INFORMATION SHOWN:
--- START ---
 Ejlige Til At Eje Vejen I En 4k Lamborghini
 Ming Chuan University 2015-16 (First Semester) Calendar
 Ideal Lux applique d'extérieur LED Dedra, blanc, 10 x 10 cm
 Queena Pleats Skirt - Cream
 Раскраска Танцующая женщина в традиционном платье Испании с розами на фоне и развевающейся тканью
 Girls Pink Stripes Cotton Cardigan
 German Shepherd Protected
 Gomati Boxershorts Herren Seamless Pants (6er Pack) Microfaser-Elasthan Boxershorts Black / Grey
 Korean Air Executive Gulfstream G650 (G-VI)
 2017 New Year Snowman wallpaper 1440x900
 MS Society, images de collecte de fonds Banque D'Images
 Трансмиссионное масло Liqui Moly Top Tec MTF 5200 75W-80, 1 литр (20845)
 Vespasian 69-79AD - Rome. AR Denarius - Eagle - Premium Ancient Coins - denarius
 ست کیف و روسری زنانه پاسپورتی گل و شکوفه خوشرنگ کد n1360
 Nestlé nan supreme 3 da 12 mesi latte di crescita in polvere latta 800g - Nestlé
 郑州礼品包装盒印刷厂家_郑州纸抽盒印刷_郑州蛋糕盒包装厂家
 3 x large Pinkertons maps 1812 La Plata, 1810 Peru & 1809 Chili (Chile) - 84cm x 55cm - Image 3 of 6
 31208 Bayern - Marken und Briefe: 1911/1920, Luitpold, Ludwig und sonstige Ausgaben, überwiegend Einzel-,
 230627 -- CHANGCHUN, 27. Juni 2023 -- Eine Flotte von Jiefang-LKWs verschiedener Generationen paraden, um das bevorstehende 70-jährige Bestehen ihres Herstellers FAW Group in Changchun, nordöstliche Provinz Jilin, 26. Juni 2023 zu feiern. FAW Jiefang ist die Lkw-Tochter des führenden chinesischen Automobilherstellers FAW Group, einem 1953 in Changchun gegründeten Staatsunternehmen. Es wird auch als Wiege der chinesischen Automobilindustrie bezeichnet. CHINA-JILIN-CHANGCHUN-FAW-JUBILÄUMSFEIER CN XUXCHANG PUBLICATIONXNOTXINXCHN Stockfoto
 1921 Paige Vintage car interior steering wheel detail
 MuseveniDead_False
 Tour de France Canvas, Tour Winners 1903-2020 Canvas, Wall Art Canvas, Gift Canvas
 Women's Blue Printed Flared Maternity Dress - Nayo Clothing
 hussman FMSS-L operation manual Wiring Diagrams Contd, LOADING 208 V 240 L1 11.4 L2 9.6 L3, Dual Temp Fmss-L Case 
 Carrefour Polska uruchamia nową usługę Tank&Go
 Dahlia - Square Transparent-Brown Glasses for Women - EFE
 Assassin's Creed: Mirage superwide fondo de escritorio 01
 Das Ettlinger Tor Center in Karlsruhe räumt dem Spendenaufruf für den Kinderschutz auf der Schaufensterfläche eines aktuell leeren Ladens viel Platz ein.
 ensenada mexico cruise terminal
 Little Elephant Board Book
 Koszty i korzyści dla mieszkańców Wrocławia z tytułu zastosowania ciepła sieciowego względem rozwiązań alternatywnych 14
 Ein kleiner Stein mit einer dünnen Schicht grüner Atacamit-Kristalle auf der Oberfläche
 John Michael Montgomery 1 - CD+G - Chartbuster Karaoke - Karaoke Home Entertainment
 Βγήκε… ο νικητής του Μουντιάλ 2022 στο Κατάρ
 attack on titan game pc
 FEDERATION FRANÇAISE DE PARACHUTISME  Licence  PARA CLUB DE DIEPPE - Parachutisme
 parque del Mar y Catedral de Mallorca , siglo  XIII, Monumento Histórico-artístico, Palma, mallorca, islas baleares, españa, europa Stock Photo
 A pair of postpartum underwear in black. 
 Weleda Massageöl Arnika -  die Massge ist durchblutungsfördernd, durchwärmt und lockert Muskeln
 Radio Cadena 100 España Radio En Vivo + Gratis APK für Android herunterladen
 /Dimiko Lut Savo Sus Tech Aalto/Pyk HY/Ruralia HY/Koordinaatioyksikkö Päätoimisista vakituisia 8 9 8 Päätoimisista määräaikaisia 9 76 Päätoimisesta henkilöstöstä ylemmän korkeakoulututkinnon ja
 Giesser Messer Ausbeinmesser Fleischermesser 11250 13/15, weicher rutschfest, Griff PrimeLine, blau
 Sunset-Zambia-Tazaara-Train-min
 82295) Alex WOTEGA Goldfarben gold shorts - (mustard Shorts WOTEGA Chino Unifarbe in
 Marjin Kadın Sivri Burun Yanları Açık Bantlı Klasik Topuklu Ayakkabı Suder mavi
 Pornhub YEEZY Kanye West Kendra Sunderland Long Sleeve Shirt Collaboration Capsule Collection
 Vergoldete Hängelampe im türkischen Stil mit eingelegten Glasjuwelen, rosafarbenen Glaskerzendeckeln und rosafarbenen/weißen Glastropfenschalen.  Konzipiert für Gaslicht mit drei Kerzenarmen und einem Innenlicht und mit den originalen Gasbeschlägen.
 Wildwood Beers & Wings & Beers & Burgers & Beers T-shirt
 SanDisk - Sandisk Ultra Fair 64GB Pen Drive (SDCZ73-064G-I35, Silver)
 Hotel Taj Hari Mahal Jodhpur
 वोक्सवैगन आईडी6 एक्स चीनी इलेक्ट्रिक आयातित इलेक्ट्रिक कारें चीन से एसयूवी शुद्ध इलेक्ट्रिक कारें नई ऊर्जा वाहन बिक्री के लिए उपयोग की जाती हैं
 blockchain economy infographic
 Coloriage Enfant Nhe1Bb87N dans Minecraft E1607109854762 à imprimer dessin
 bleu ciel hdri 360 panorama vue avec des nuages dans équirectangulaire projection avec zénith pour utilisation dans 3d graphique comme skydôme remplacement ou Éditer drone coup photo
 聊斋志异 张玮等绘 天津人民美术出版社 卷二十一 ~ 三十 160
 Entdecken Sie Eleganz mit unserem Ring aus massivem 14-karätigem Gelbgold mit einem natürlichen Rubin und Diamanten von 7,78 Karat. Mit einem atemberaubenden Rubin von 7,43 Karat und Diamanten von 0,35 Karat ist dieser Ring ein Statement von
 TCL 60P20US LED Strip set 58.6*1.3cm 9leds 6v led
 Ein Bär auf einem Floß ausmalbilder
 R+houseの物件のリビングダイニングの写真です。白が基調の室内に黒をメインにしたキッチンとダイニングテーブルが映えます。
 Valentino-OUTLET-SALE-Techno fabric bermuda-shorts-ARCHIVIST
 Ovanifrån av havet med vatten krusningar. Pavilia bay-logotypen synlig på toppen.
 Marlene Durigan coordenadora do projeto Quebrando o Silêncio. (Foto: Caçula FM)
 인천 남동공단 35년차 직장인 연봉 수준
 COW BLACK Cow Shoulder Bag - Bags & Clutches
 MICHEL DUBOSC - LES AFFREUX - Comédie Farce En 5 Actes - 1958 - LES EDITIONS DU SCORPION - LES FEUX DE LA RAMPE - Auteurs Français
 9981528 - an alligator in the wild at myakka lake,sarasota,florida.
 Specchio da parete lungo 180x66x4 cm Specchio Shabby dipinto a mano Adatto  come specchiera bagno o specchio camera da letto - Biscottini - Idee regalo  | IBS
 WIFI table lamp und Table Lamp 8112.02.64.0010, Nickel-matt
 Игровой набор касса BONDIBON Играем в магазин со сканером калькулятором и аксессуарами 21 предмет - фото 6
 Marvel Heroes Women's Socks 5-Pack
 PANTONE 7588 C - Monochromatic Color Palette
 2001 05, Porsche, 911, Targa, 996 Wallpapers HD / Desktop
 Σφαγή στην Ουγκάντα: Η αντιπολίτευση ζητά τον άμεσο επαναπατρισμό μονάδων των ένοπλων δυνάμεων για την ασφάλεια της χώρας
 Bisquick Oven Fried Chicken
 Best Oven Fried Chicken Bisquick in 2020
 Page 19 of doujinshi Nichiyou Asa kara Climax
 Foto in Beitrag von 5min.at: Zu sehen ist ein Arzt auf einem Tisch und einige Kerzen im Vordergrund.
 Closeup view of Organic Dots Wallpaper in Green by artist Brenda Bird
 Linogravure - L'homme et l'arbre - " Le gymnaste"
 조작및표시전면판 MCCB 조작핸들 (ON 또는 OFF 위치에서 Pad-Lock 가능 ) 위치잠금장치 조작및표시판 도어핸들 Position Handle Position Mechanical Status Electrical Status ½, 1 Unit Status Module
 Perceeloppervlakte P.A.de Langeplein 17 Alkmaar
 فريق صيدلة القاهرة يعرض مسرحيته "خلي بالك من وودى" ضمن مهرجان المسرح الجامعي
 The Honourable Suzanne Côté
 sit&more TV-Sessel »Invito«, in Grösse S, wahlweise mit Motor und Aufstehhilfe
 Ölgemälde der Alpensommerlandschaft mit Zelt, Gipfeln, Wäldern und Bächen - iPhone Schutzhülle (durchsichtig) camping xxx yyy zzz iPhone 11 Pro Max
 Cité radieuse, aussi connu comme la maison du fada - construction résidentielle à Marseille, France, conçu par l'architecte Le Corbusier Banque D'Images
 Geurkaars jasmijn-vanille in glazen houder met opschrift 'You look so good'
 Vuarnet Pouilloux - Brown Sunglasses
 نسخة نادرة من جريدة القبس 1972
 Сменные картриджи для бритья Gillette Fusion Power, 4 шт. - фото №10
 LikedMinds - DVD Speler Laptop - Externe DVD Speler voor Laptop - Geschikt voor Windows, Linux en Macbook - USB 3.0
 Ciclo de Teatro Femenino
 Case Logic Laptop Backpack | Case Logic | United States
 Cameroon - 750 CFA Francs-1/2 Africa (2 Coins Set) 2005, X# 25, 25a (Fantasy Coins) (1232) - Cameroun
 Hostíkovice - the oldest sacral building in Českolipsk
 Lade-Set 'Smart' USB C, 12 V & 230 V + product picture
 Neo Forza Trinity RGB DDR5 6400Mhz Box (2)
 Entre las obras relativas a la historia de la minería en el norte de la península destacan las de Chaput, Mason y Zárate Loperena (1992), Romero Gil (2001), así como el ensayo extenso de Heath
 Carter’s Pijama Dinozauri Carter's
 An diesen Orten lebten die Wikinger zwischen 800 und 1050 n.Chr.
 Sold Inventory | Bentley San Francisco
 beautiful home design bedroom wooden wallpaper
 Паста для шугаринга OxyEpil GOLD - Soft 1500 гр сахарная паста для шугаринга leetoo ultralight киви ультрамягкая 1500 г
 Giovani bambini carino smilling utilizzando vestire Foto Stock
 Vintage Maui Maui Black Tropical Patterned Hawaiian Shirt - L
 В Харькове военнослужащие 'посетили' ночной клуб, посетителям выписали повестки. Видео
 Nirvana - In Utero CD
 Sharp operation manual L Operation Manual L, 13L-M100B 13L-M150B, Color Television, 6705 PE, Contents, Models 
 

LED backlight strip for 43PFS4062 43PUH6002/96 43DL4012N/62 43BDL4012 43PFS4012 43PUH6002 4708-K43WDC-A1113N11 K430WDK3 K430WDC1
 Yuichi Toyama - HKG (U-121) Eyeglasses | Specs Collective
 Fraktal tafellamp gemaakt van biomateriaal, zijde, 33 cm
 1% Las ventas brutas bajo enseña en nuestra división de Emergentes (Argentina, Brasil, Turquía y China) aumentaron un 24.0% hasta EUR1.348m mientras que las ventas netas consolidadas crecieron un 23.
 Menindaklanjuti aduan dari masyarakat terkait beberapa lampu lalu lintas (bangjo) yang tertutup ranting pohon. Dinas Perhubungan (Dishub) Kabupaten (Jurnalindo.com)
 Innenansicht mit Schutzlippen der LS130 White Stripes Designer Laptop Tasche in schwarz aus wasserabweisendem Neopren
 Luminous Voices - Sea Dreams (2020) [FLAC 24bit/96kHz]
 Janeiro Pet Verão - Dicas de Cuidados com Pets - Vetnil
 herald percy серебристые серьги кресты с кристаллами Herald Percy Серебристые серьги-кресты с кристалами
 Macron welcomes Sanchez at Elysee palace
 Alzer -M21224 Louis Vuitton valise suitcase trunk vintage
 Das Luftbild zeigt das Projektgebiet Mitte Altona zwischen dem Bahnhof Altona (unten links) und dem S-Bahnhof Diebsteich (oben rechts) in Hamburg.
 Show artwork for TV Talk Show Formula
--- END ---
Which lines of the records above contain the word "Laptop"? Show each of them.

 LikedMinds - DVD Speler Laptop - Externe DVD Speler voor Laptop - Geschikt voor Windows, Linux en Macbook - USB 3.0
 Case Logic Laptop Backpack | Case Logic | United States
 Innenansicht mit Schutzlippen der LS130 White Stripes Designer Laptop Tasche in schwarz aus wasserabweisendem Neopren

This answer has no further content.